1)Proof-of-Work and its Variations
Simply put, proof-of-work (PoW) is a kind of computation
competition among nodes, the goal of which is to find one of the
correct values that meets a required condition. The node that
finds a correct value has the right to add a new block, approve a
set of transactions in the block, and then receive a virtual
currency as a reward. With Bitcoin, the nodes try to find a nonce,
where the cryptographic hash value of the nonce, hash of
transactions in a block, and the hash of the previous block
become smaller than a pre-agreed on target value. A
cryptographic hash is a one-way function that has no effective
way to estimate the input from a given output. Therefore, each
node has to perform brute-force try-and-error computations to
find a correct nonce in a process known as mining. Thus, a node
or a set of collaborating nodes with larger computing resources
can have a higher probability of winning a mining competition.

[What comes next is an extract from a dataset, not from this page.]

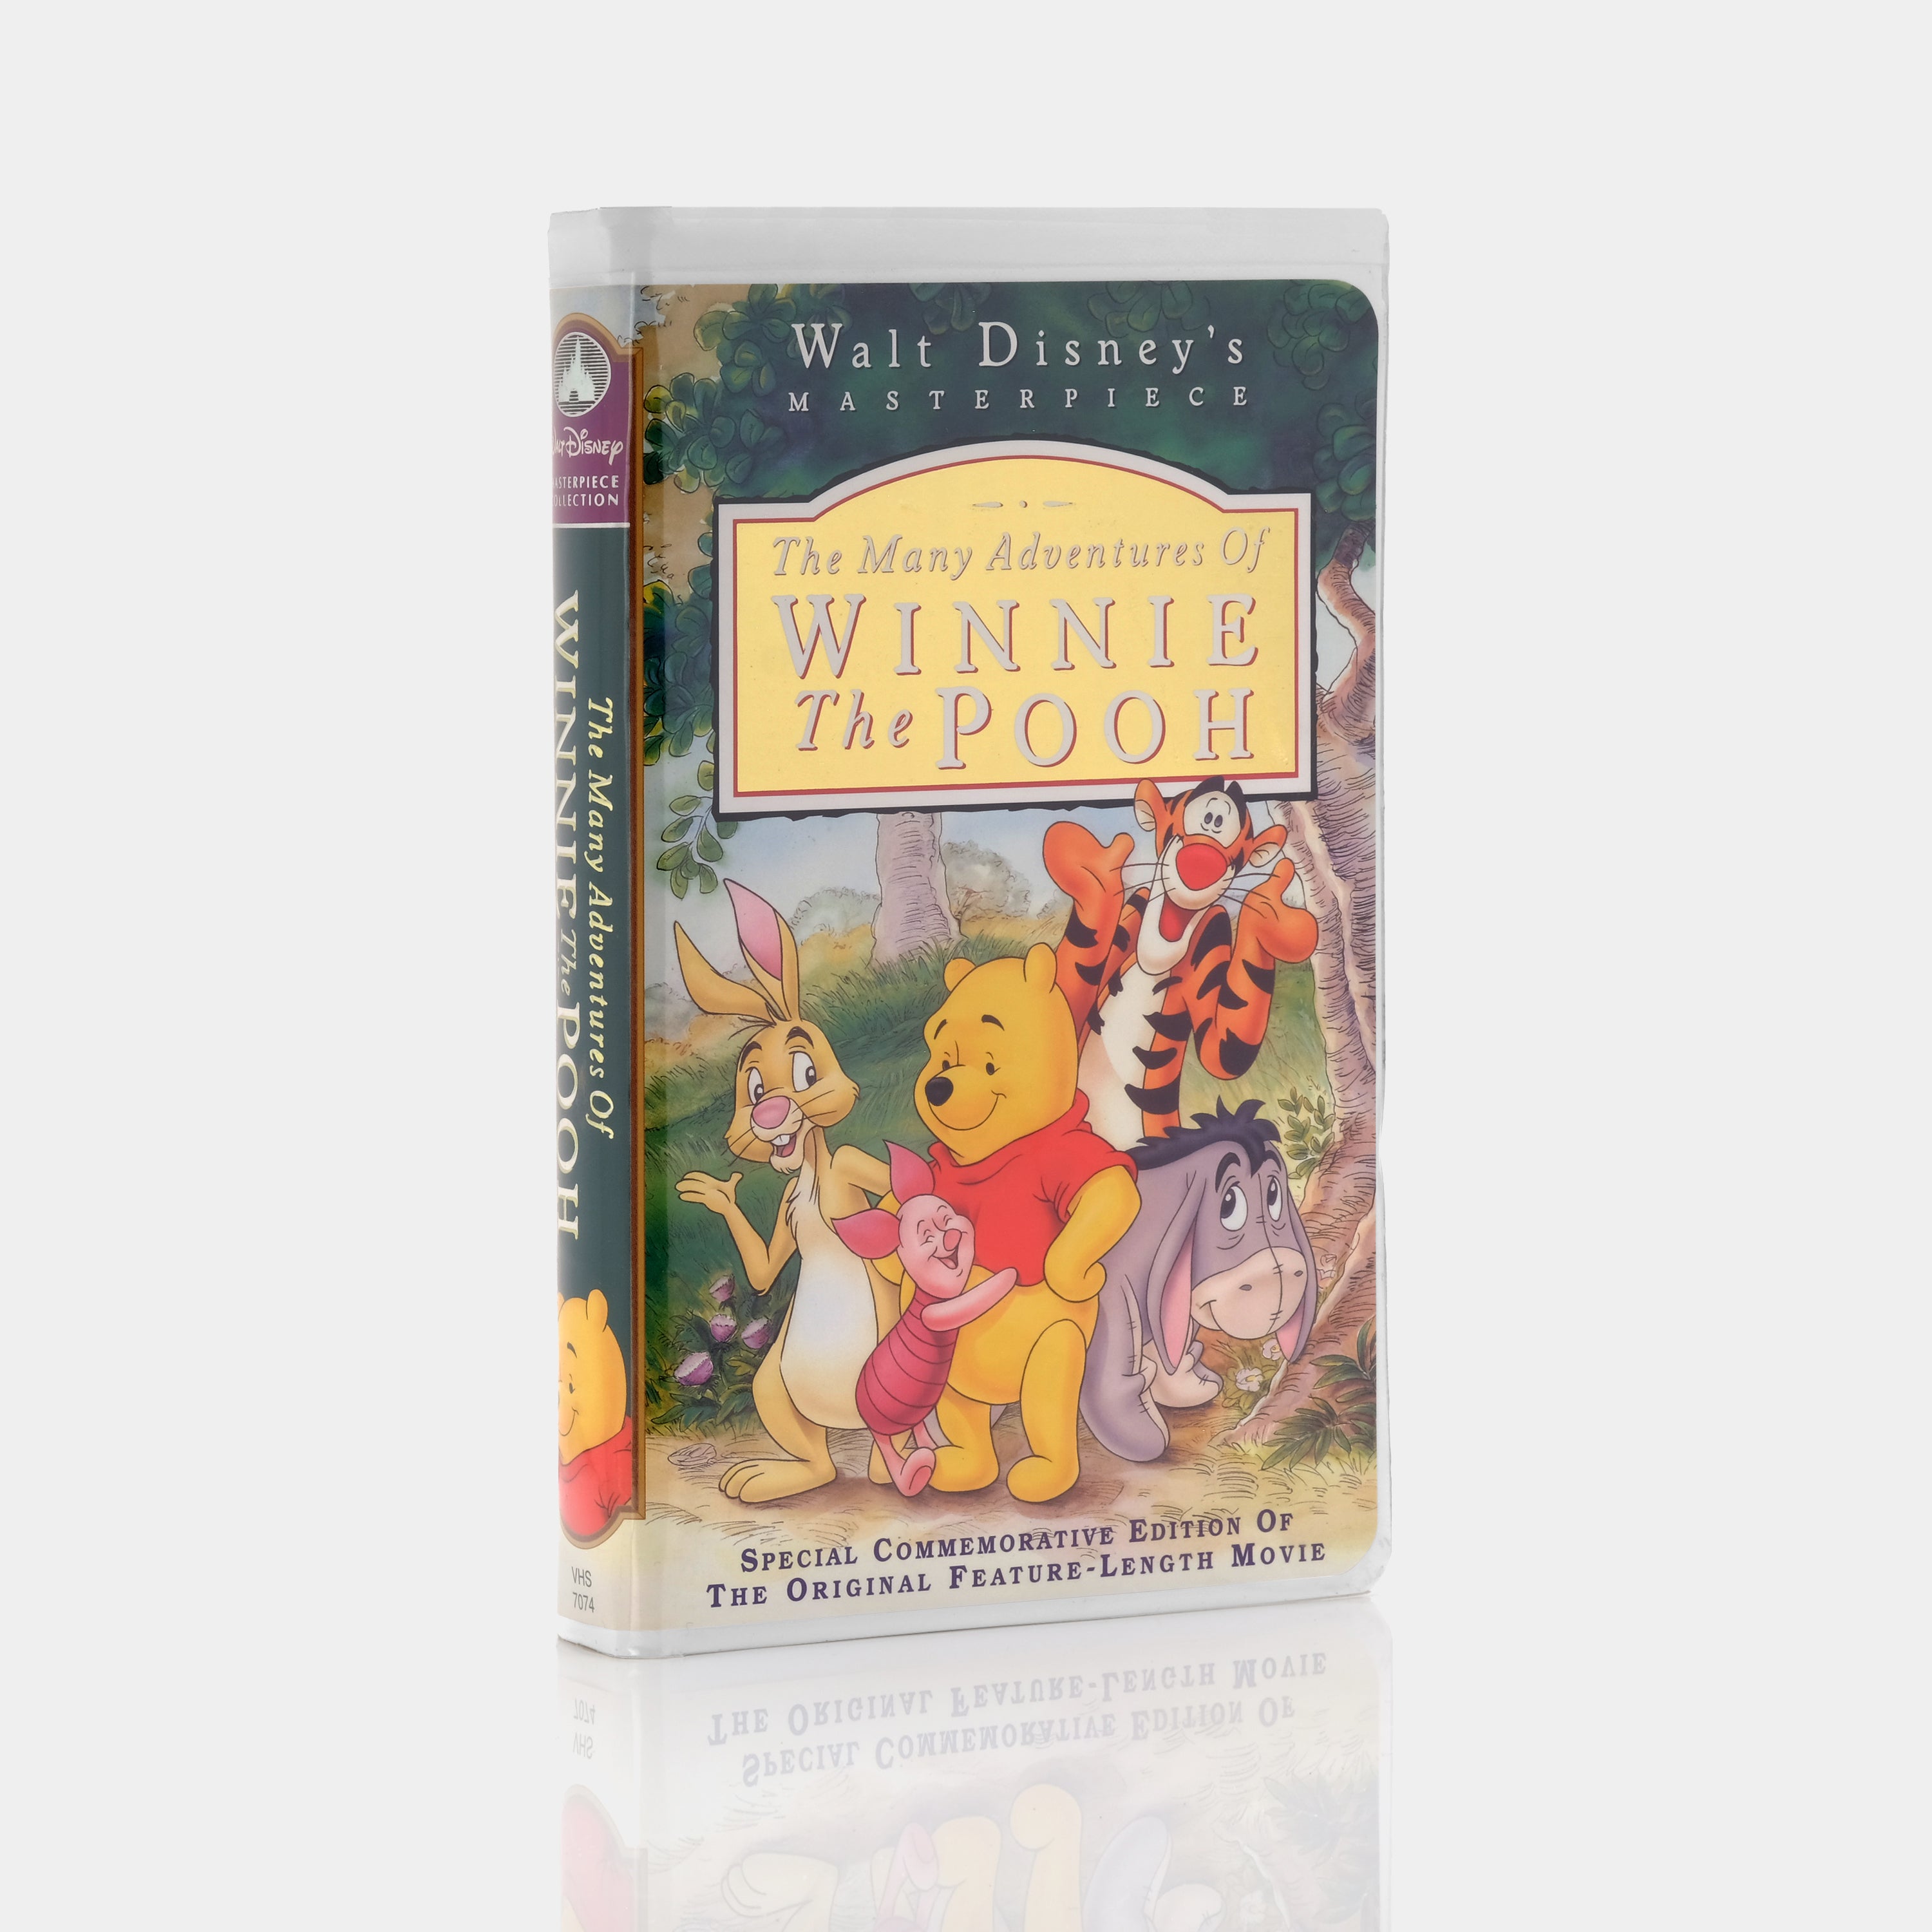 Disney's The Many Adventures Of Winnie The Pooh VHS Tape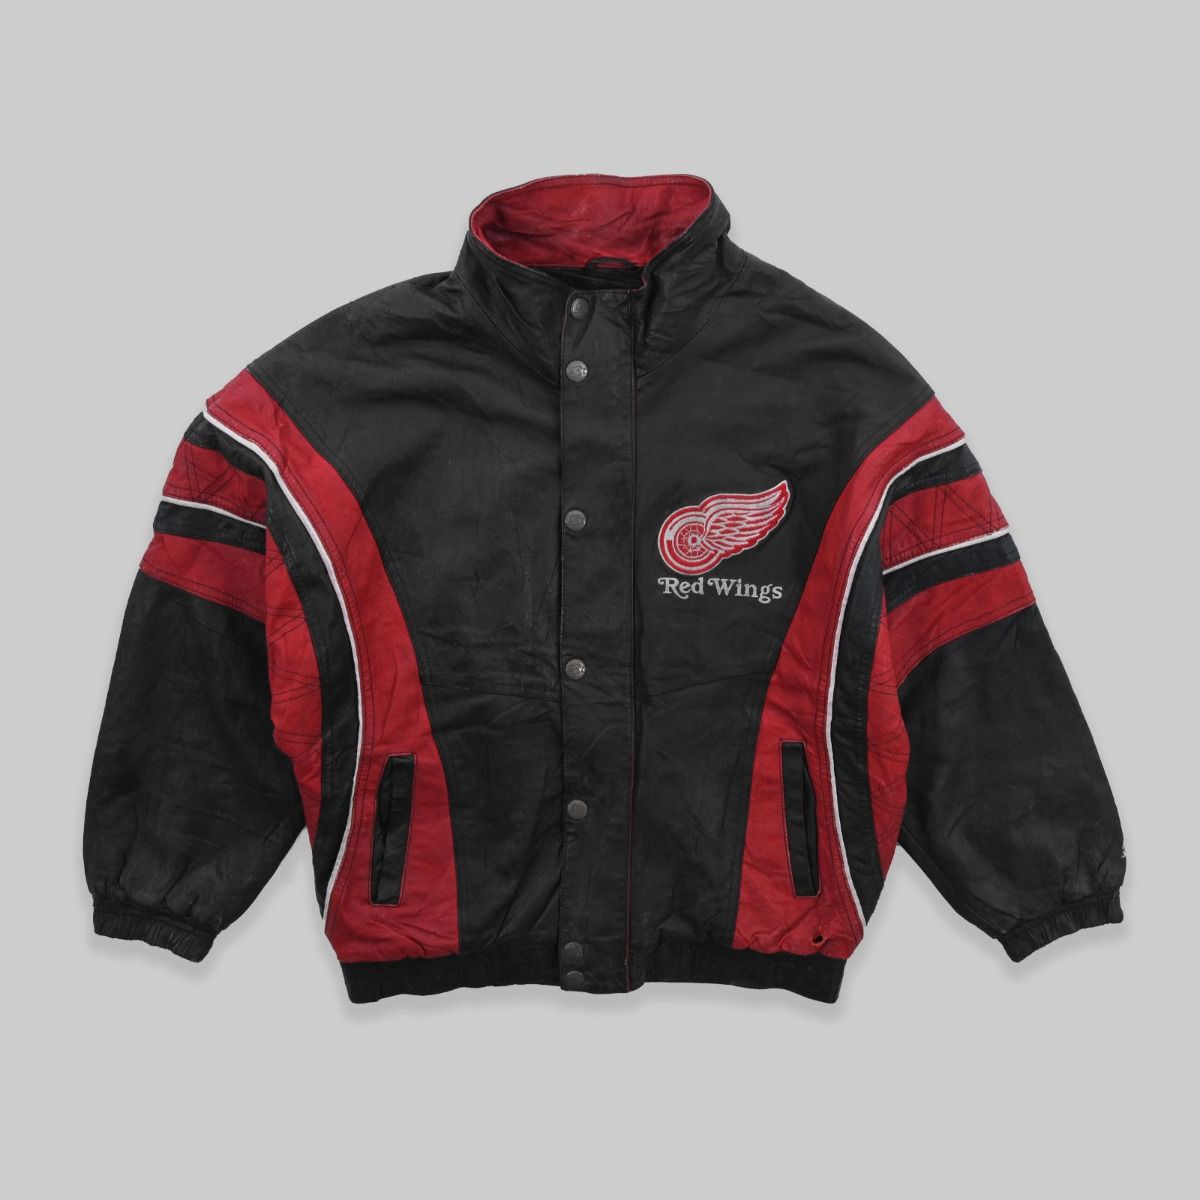 Detroit Red Wings X Starter 1990s Leather Jacket

There are variations of PoW, such as proof-of-stake (PoS) or
proof-of-importance (PoI), that change the probability of a win
with not only computation power but with other properties, such
as the amount of the virtual currency of each node or importance
of a node as judged from the amount of transactions it
participates in.
Well-known shortcomings of PoW include insufficient
safety and a lack of finality. In this context, safety refers to
resistance to attacks made by adversaries in a blockchain
network, such as an attempt to approve illegal transactions. Such
attackers may win a mining competition at some point, add an
illegal, e.g., double-spending, transaction to a block, and
disseminate the block to other nodes in the network. The Bitcoin
paper [5] claims that safety will increase over time as many
blocks are added to the chain because the probability that an
attacker will continuously win in the mining is small, and other
correct nodes will reject blocks that contain illegal transactions.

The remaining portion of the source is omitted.